Raw data section start

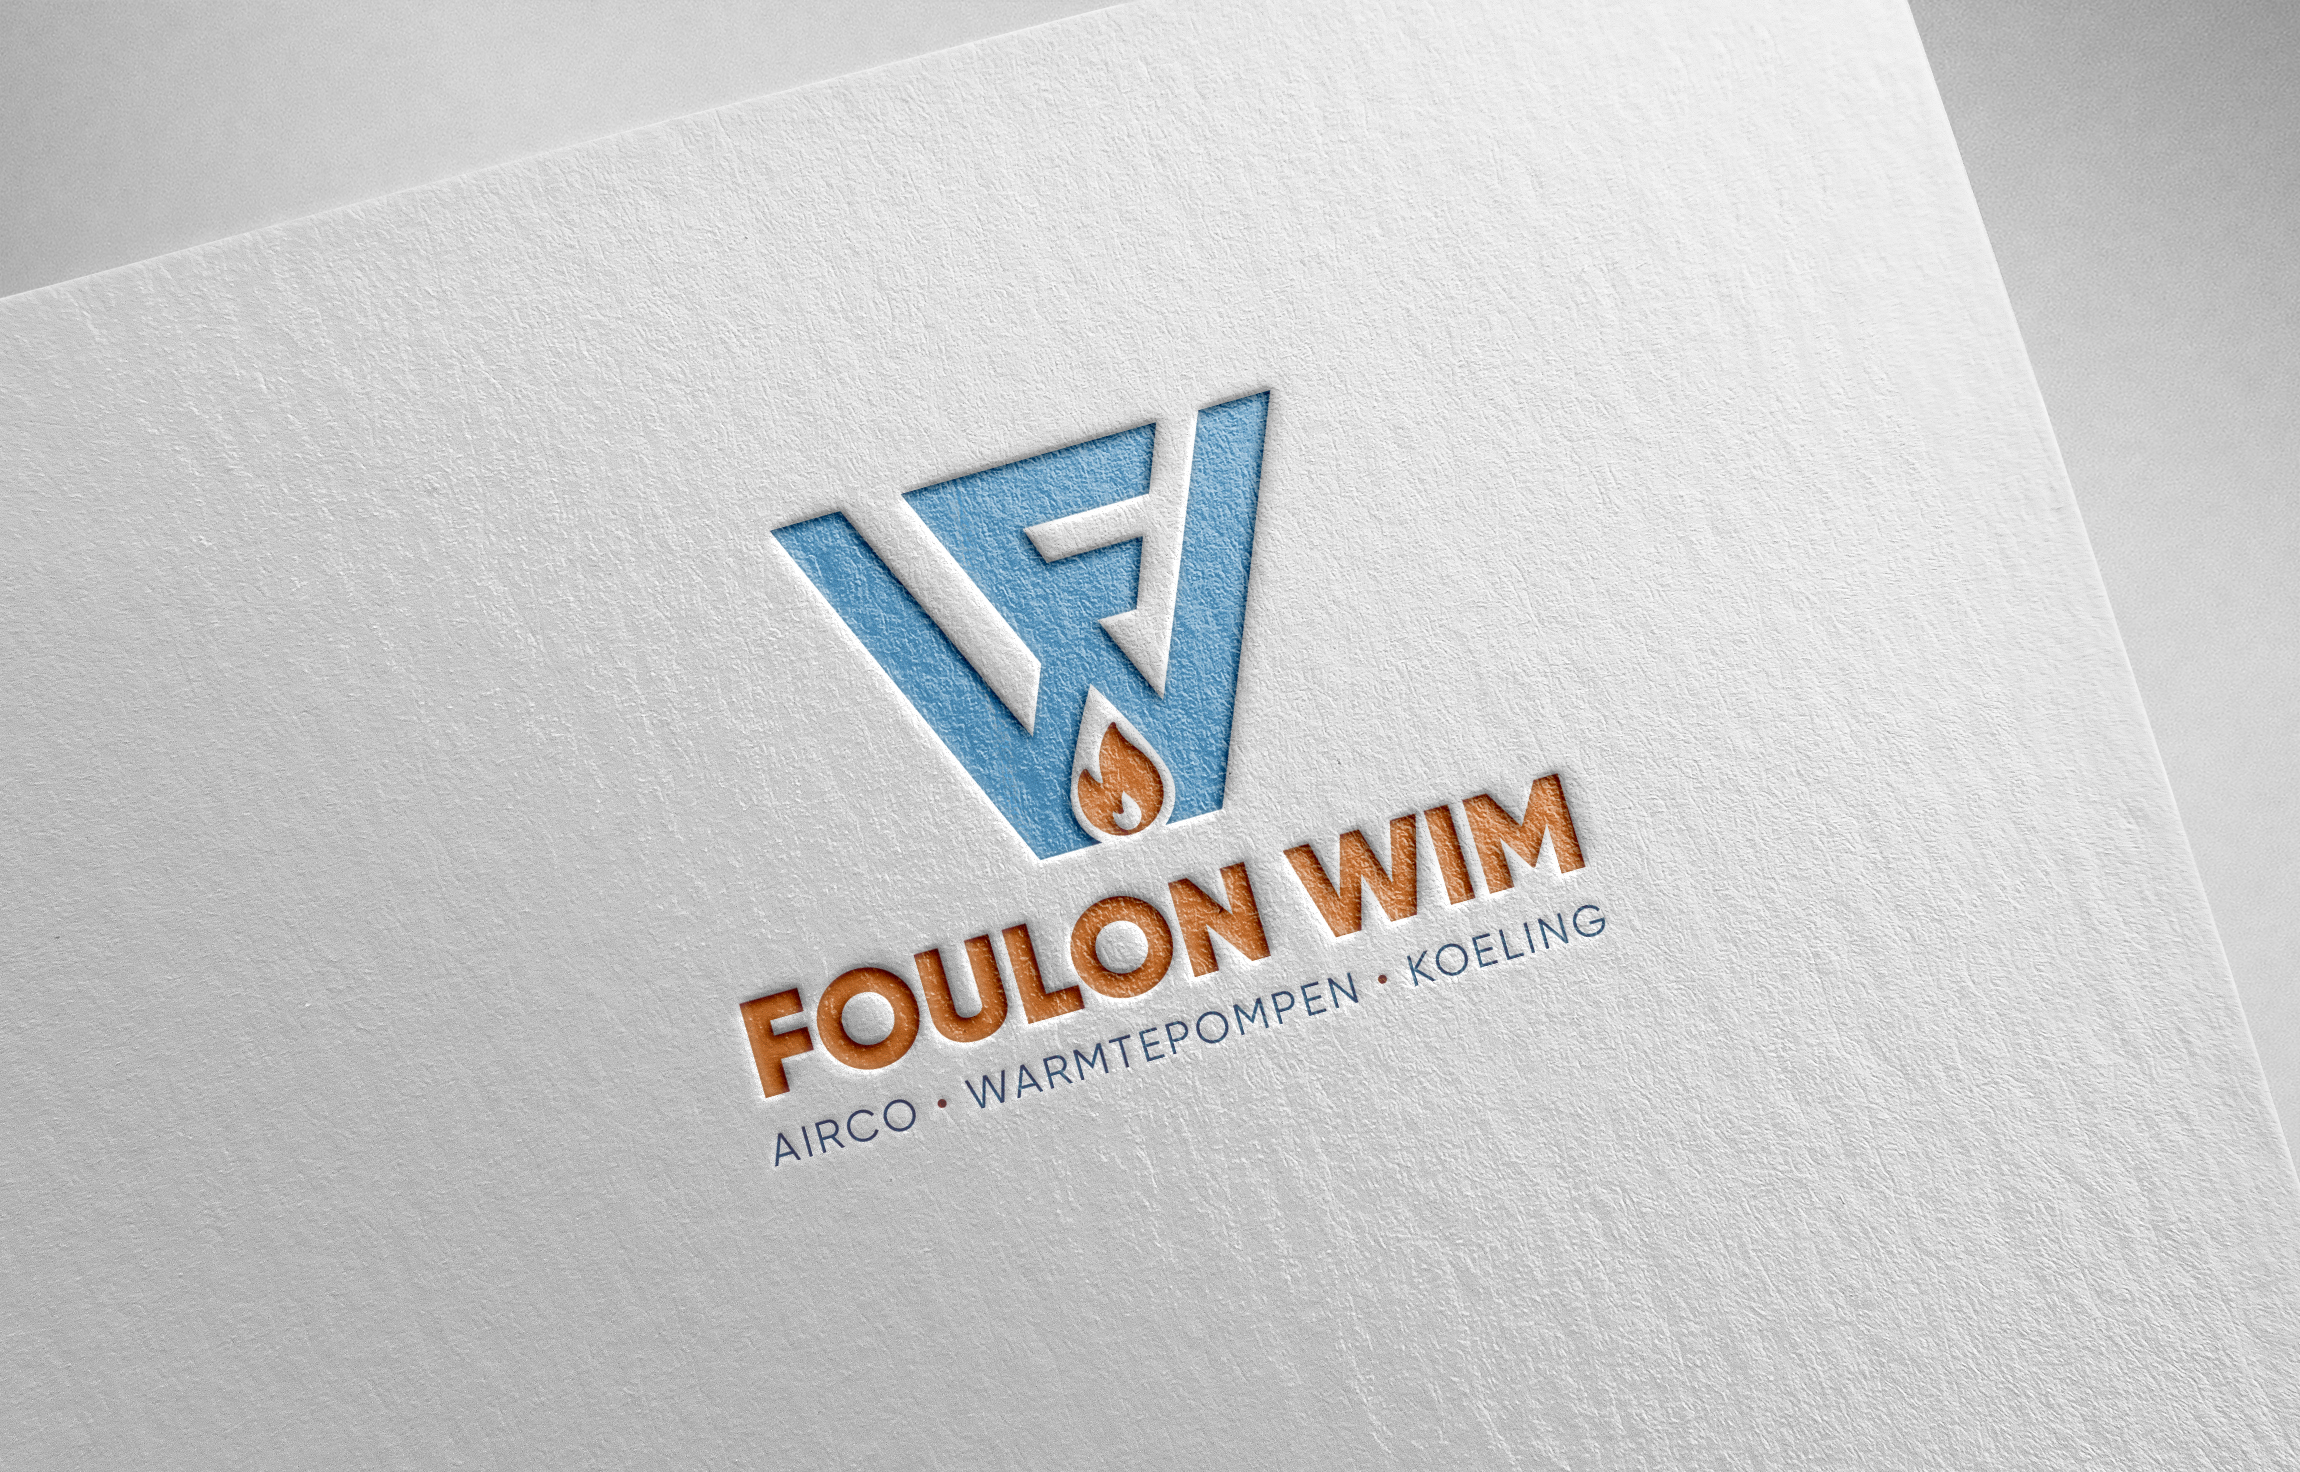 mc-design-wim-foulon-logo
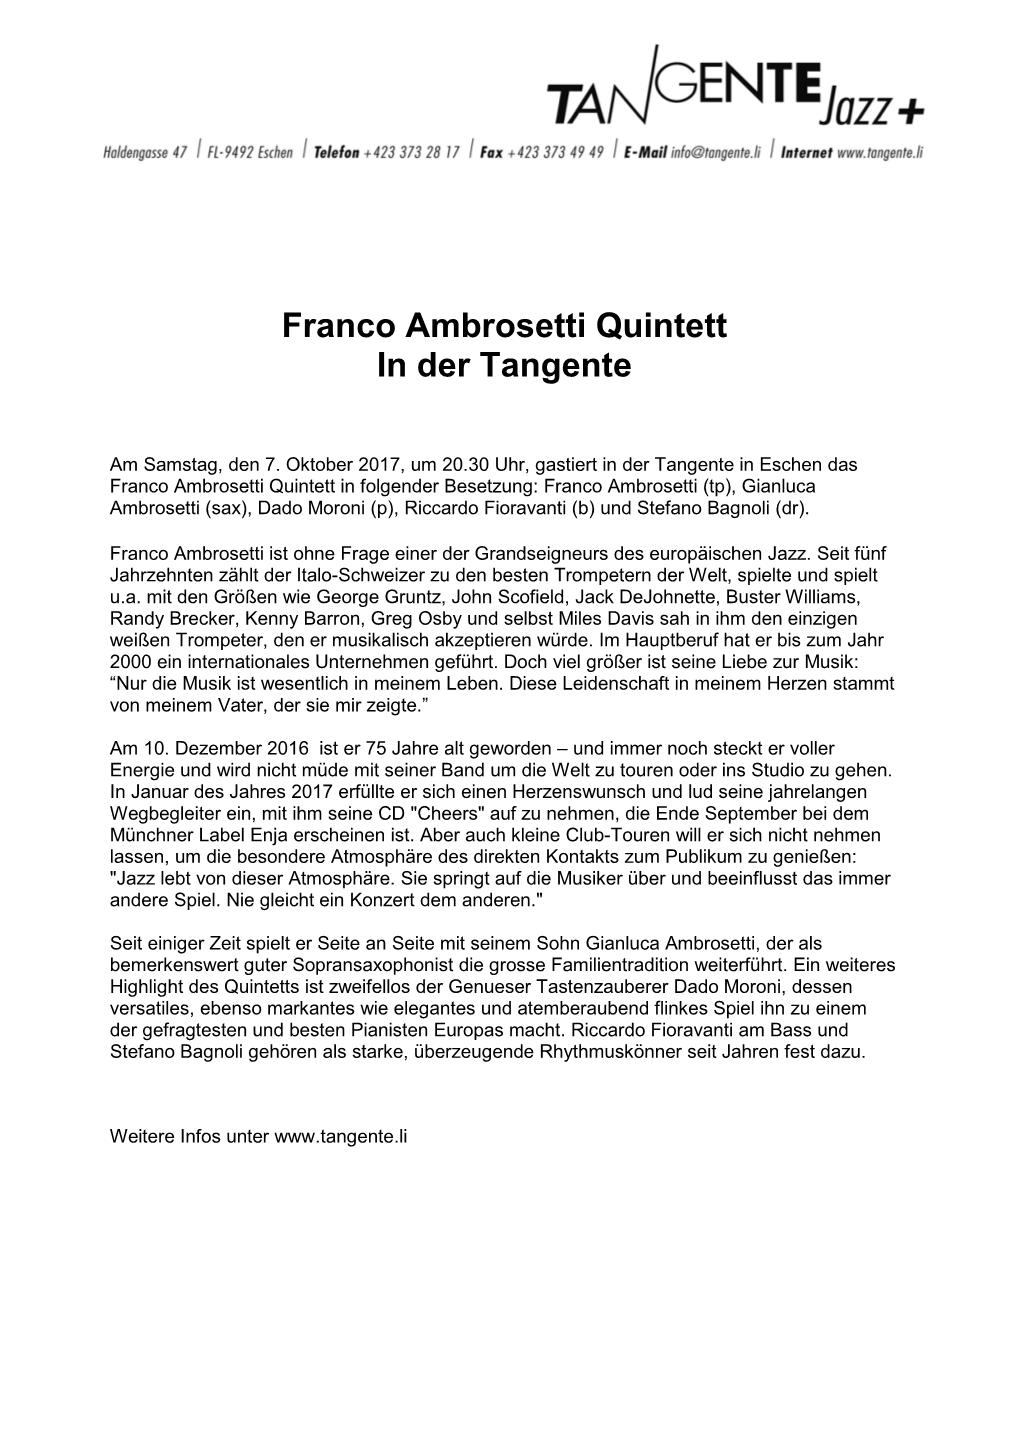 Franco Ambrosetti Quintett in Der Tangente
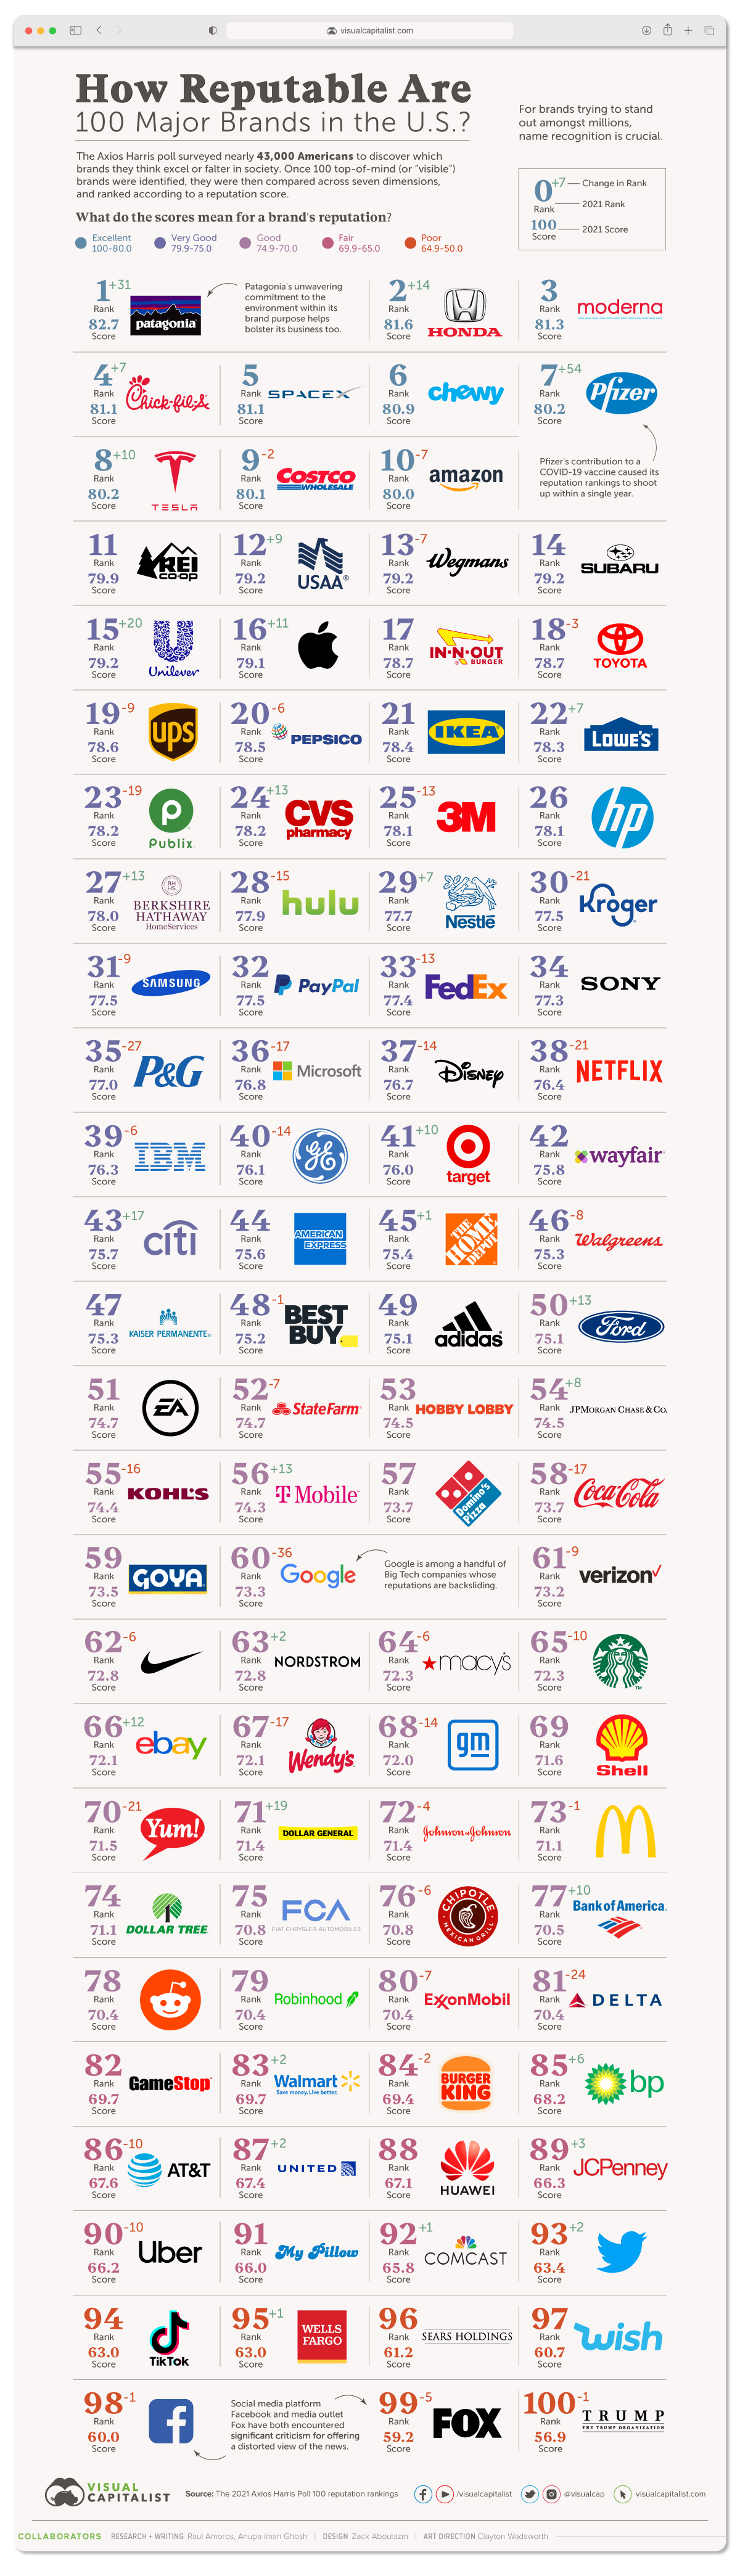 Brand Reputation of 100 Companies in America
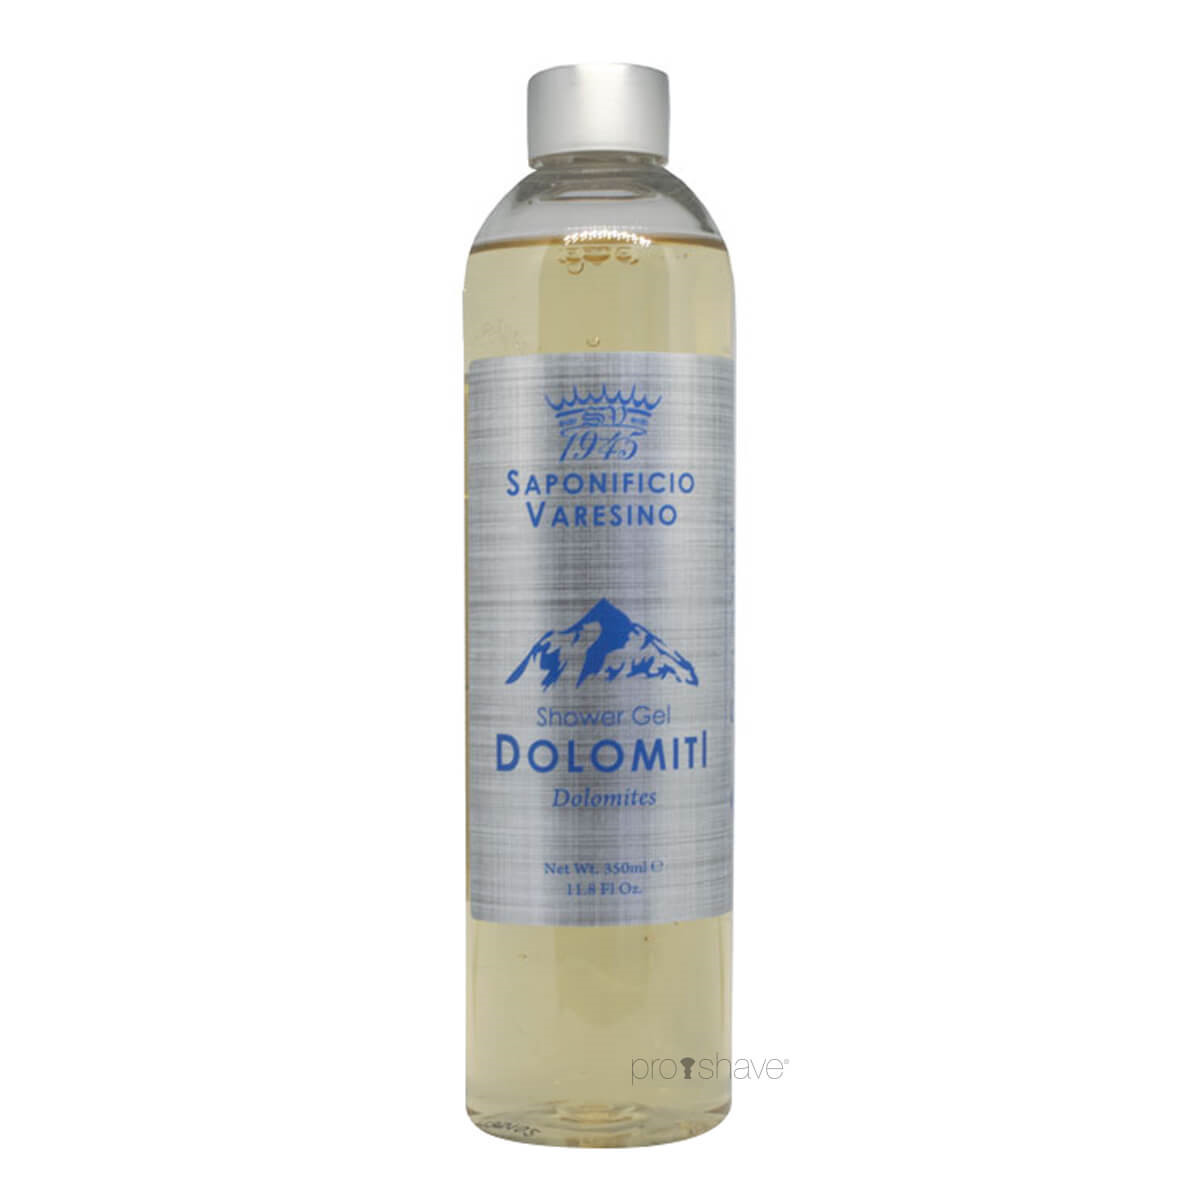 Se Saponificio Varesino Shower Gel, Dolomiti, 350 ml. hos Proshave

Raw data section end

Exercise details:
All of the material above should be copied exactly, minus the pictures.

Answer space:
 mc-design-wim-foulon-logo
 Franco Ambrosetti Quintett in Der Tangente
 Brand Reputation of 100 Companies in America
 Se Saponificio Varesino Shower Gel, Dolomiti, 350 ml. hos Proshave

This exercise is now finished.